Piacenza - Milano (50 miles)


The road to Milano is not the most interesting. No more mountains, beaches, rivers or descents. However my mind is full of new experience.

What did the father of the family say last night?

'I hope your visit here helps you to make better decisions- so you can do the right things for you and for children and help them to have better lives.'

It was a very beautiful thing to say and very Italian, more so when you understand how the country now sees itself in the world.

Modern Italy does not pretend to be best. It accepts that there are many things that others - the Germans, the British, even the French - do better than them. They would prefer to stay indoors rather than work in the rain, a Sunday is for eating and drinking rather than exercise or preparing for the week ahead, and sometimes...sometimes people make better wine than them.
However, that does not make them inferior. The land of the Romans, the Renaissance and the foundations of European civilization is hardly one to be ignored. It was important then and it is important now – how to create a unity of progression and invention.
In trying to come together Europe must realise its past and use it to make good decisions for the future. Unity is based on mutual understanding - Italy knows this and it knows it knows that it plays an important part. I feel embarrassed that we seem to think the opposite, that due to our past we have no need to participate in the future.
My host in Piacenza agrees, but he is more considered:

'You must remember that Britain is in the unique position in that they won the Second World War.
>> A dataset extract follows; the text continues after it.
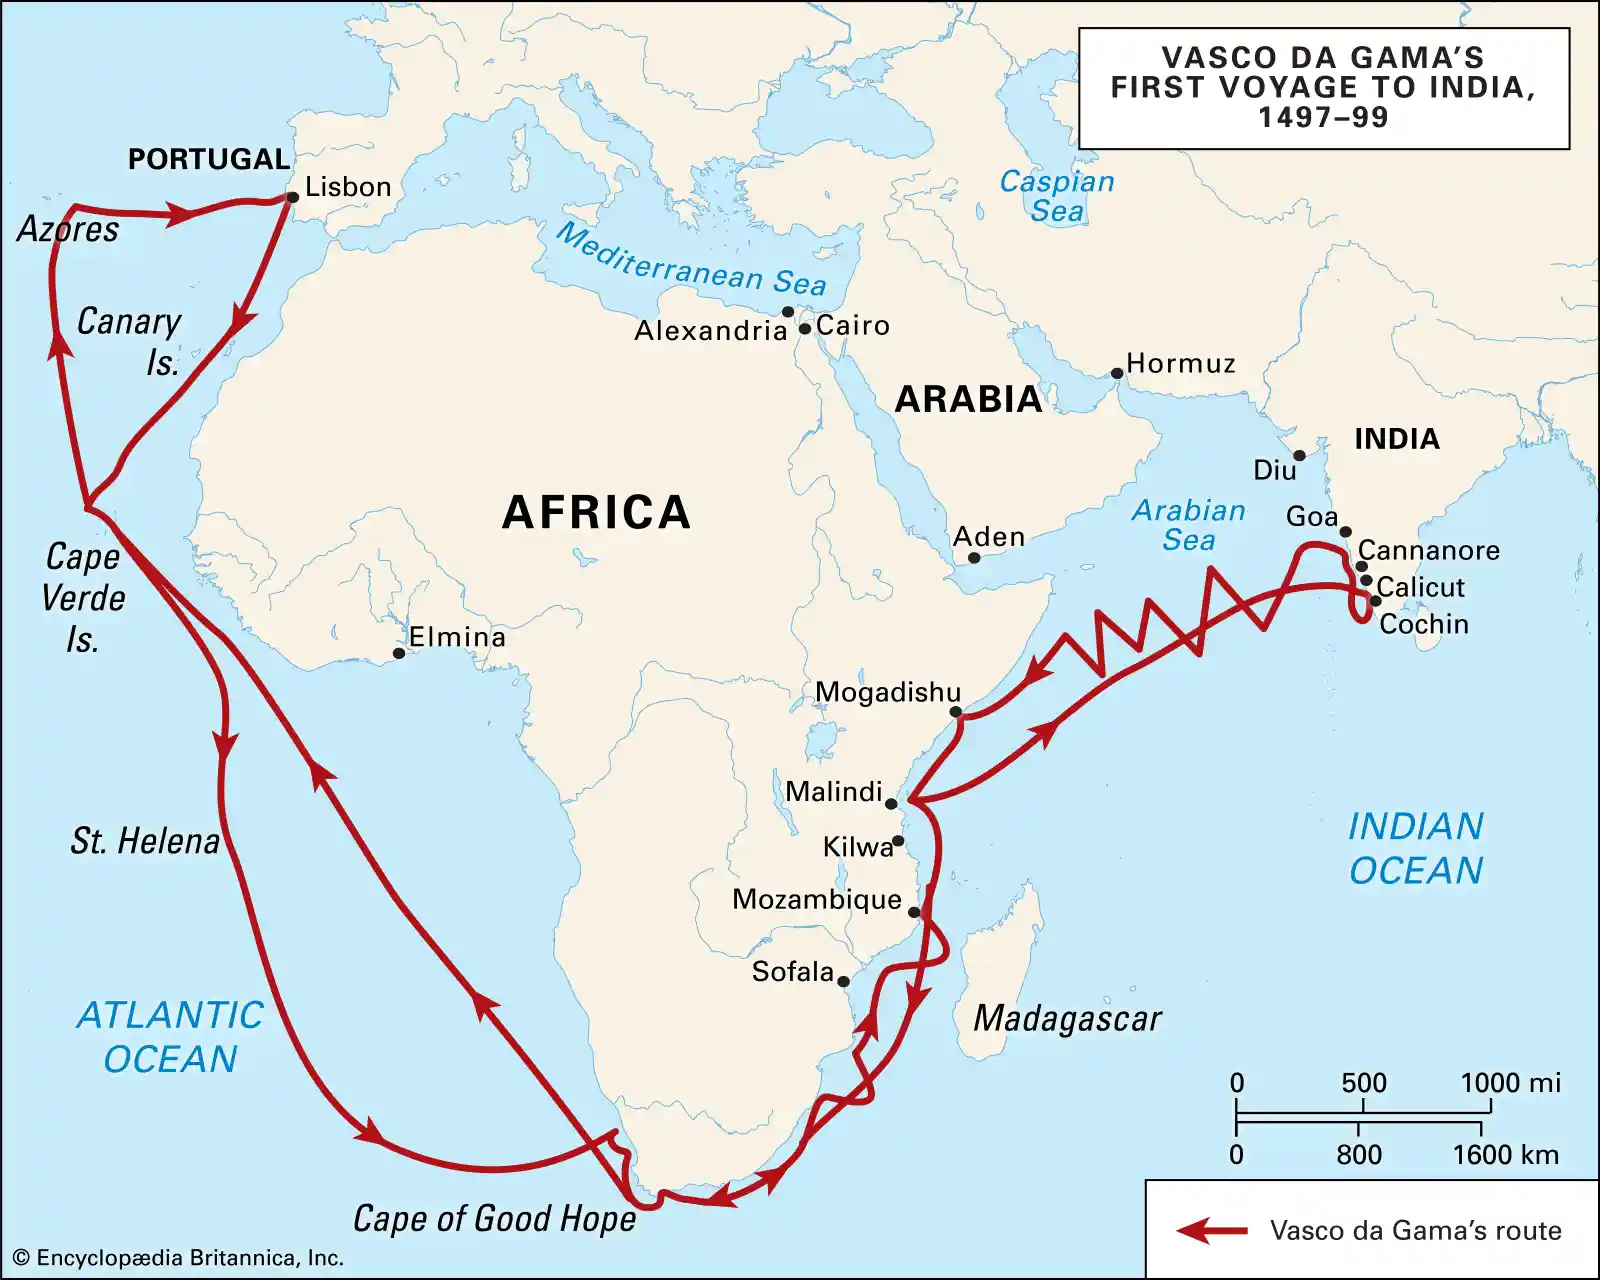 The sea route taken by Vasco Da Gama to reach India; Image source: Encyclopaedia Britannica.
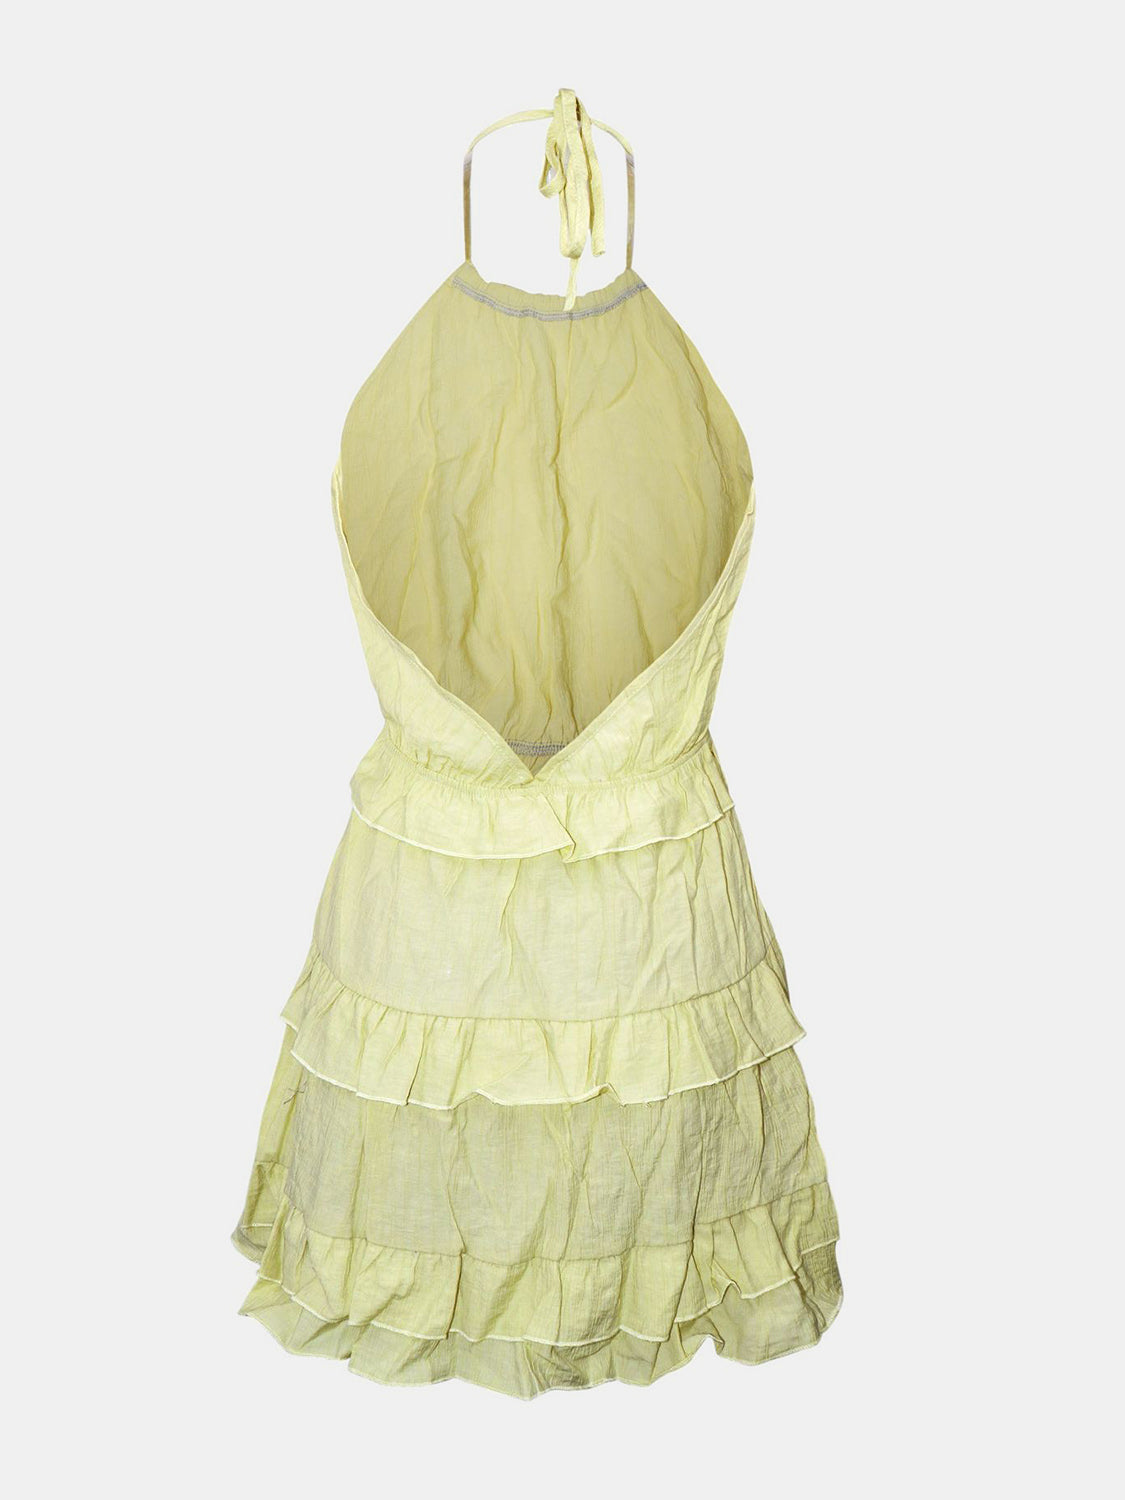 Green Halter Neck Mini Dress Ruffle Skirt Backless Sexy Spring and Summer Dress

It is different for them.'

I am starting to understand. I used to think that Britain's relentless reliance on past glories was our greatest weakness, but the more I travel the more I see that it is not that simple. Millions and millions of people dying, fighting for a national identity and way of life for the world – this was not something just to forget. To simply walk up to those who attacked us and relinquish all that sovereignty to them is not okay, not in the Italian's opinion.
'You come from a family, with a creed and a moral code and you should not forget this. It might seemed old fashioned but its true. You should respect and listen to the country that created your way of life. It may teach you much more than you think.'

He is right. To simply forget the past is ignorant in the extreme.
Should Britain then sit on its Constables and it castles and ignore its old foes? Or should it try to understand who they are and why they have to come to be. Surely it makes sense to try. Consider yourself and consider others and you never know, maybe you'll find out you have more in common than you thought you did. Maybe you do some things well, but maybe they do some things better.

German Bread
Italian pasta
British beef
Ice Cream
French wine

If we could dine together it would be a beautiful meal indeed.